Me at 15: I can’t wait to have an apartment and cook myself nice dinners every night 🙂
Me now: today I put a strawberry poptart in between 2 brown sugar cinnamon poptarts; I call it ‘The Berry Delight’ and it is bad
me: i just quit cold turkey
turkey: *outside in the snow banging on window* please baby i can change
Mrs Doubtfire is my favourite movie about violating a custody agreement
All the Christmas gifts I wrap look like they were done by a drunk elf with a tape fetish.
Kill me once. I’m dead.
Kill me twice.

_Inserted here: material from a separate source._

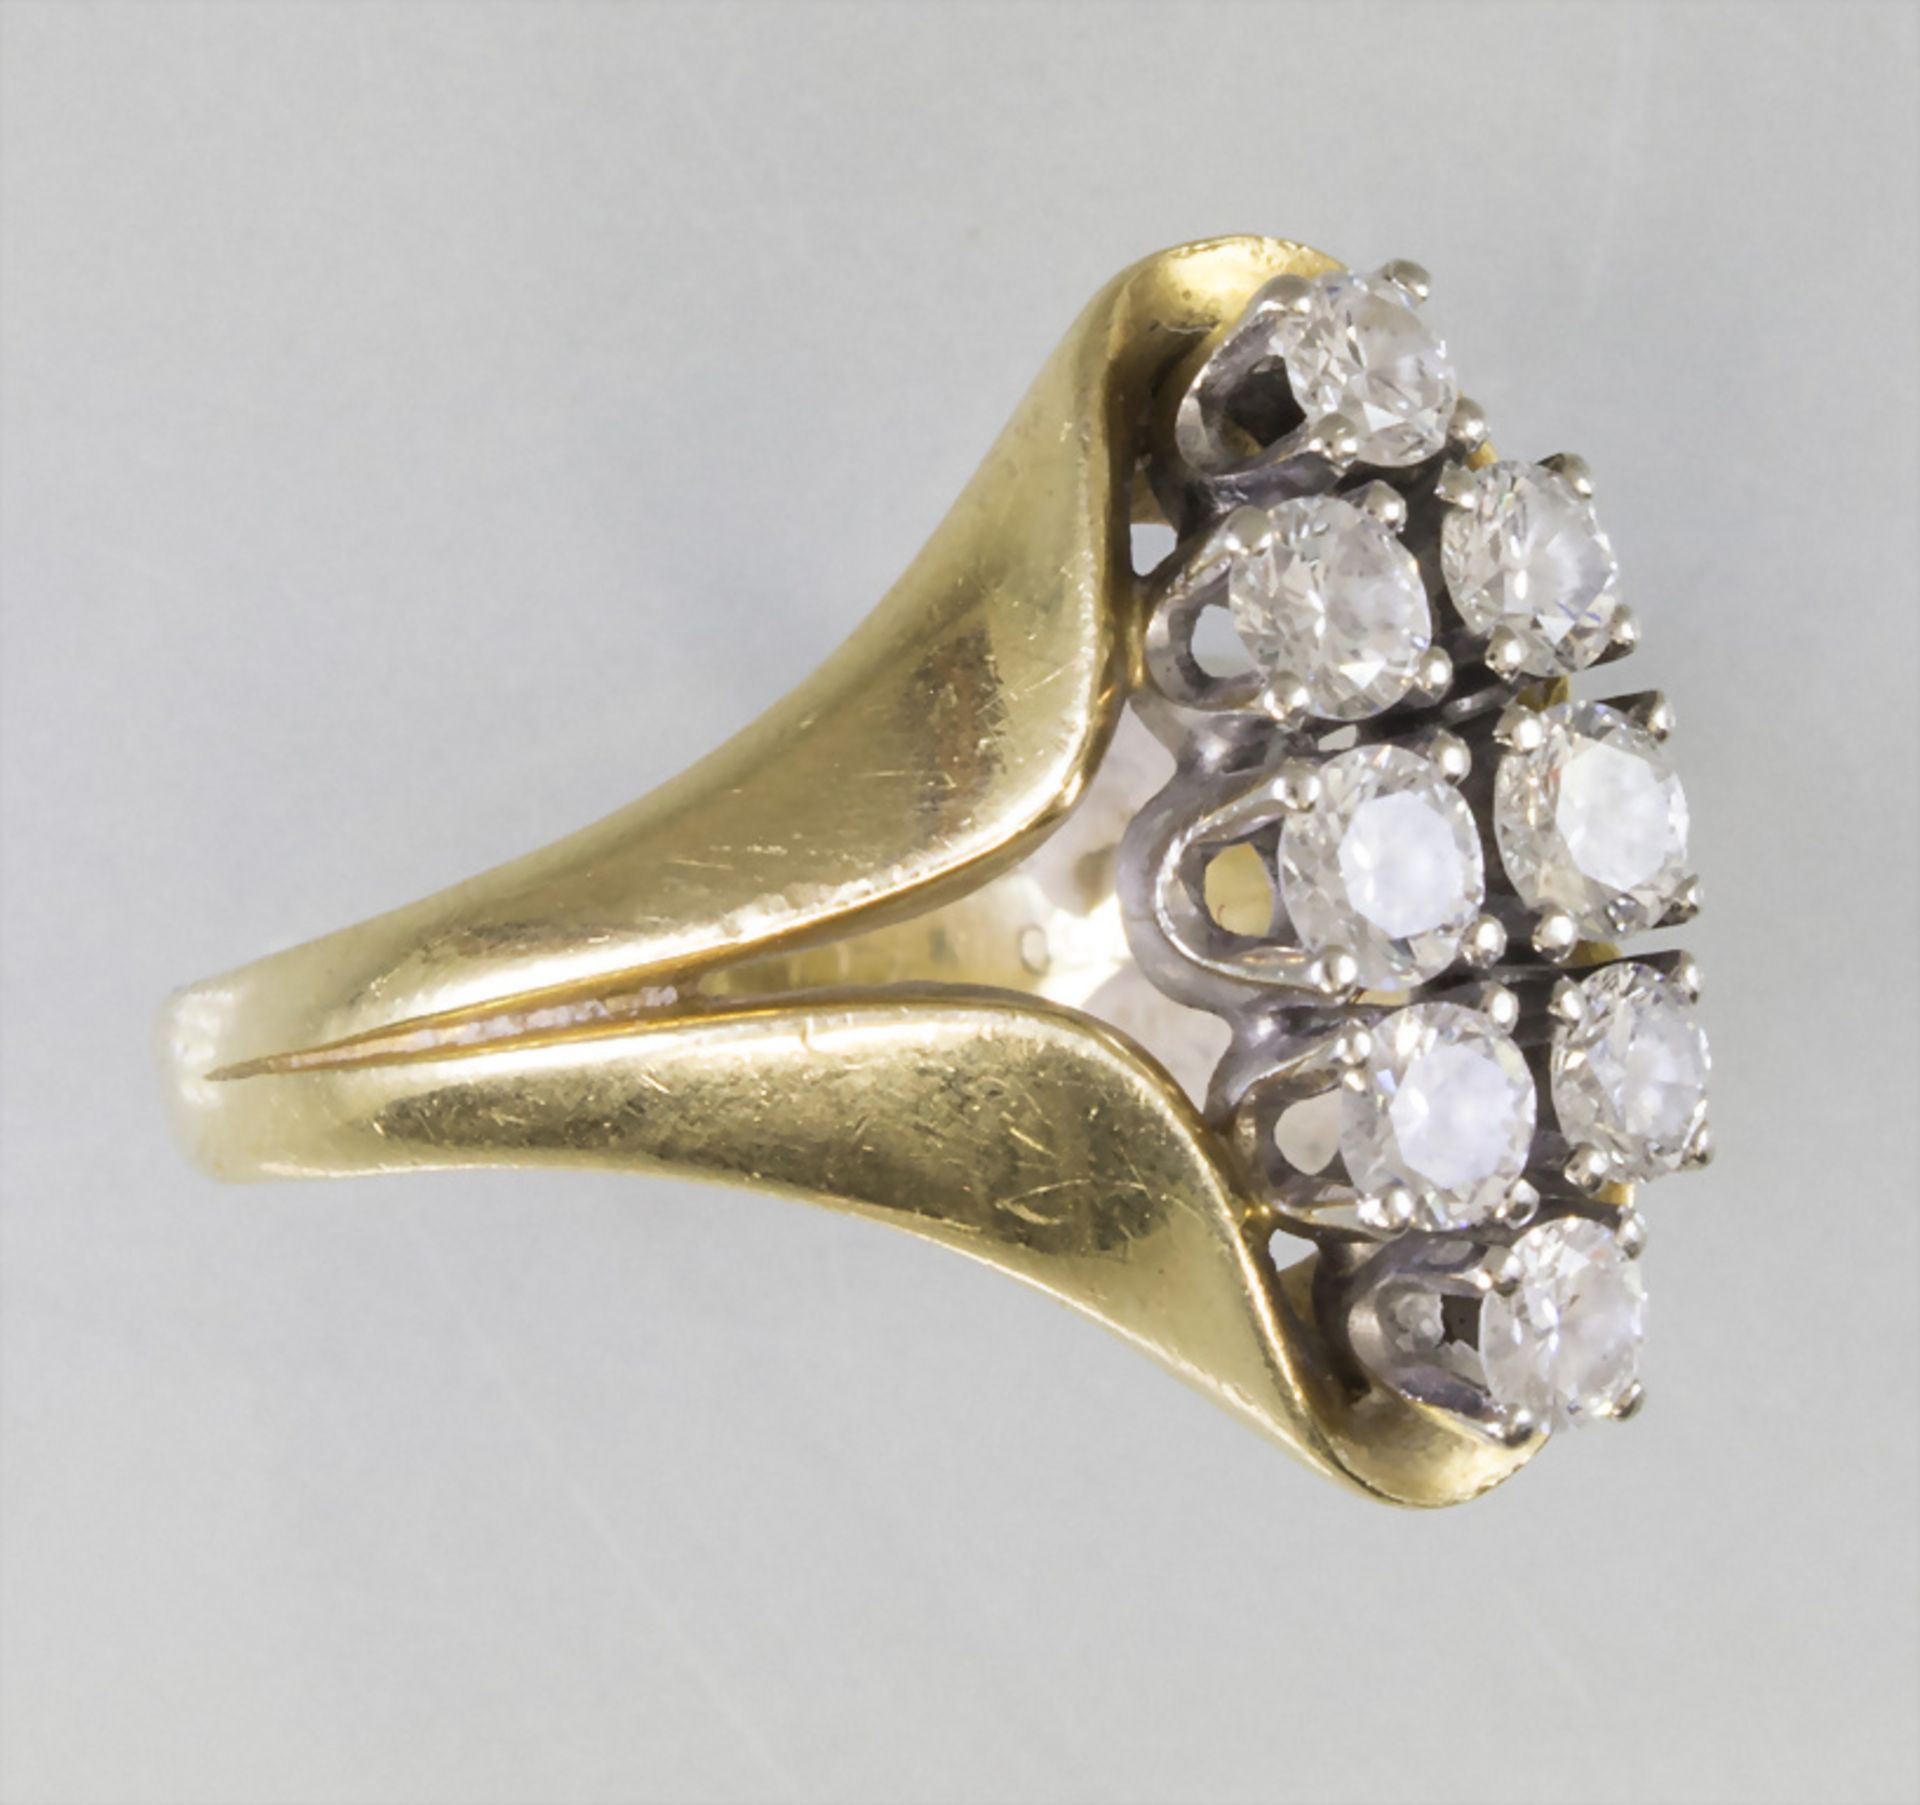 Damenring in Gelbgold mit Diamanten / A ladies 18k gold ring with diamonds - Bild 2 aus 4

I’m a dead ghost.
I don’t always sleep well, but when I do, it’s 5mins before the alarm goes off
I’m voting for Bernie Sanders based all on the fact that His fried chicken rules
no one:
coworker at a part time job you’ve known for one calendar day: so remember when I told you about that guy I’ve been texting Brian well anyway I hooked up with his roommate just to see what he’d do and lemme just read you this text I got from him just now ok so he goes,
*walks into funeral while playing the mandolin*
“I’m sorry. Am I interrupting?”
*dead guy sits up in casket*
No it sounds lovely. Keep going
ME: *opens car door for date like a gentleman*
DATE: *running and out of breath* PLEASE STOP THE CAR
It’s an indescribable feeling when I’m trying to put my toddler in his car seat in a crowded parking lot and him screaming “HELP”.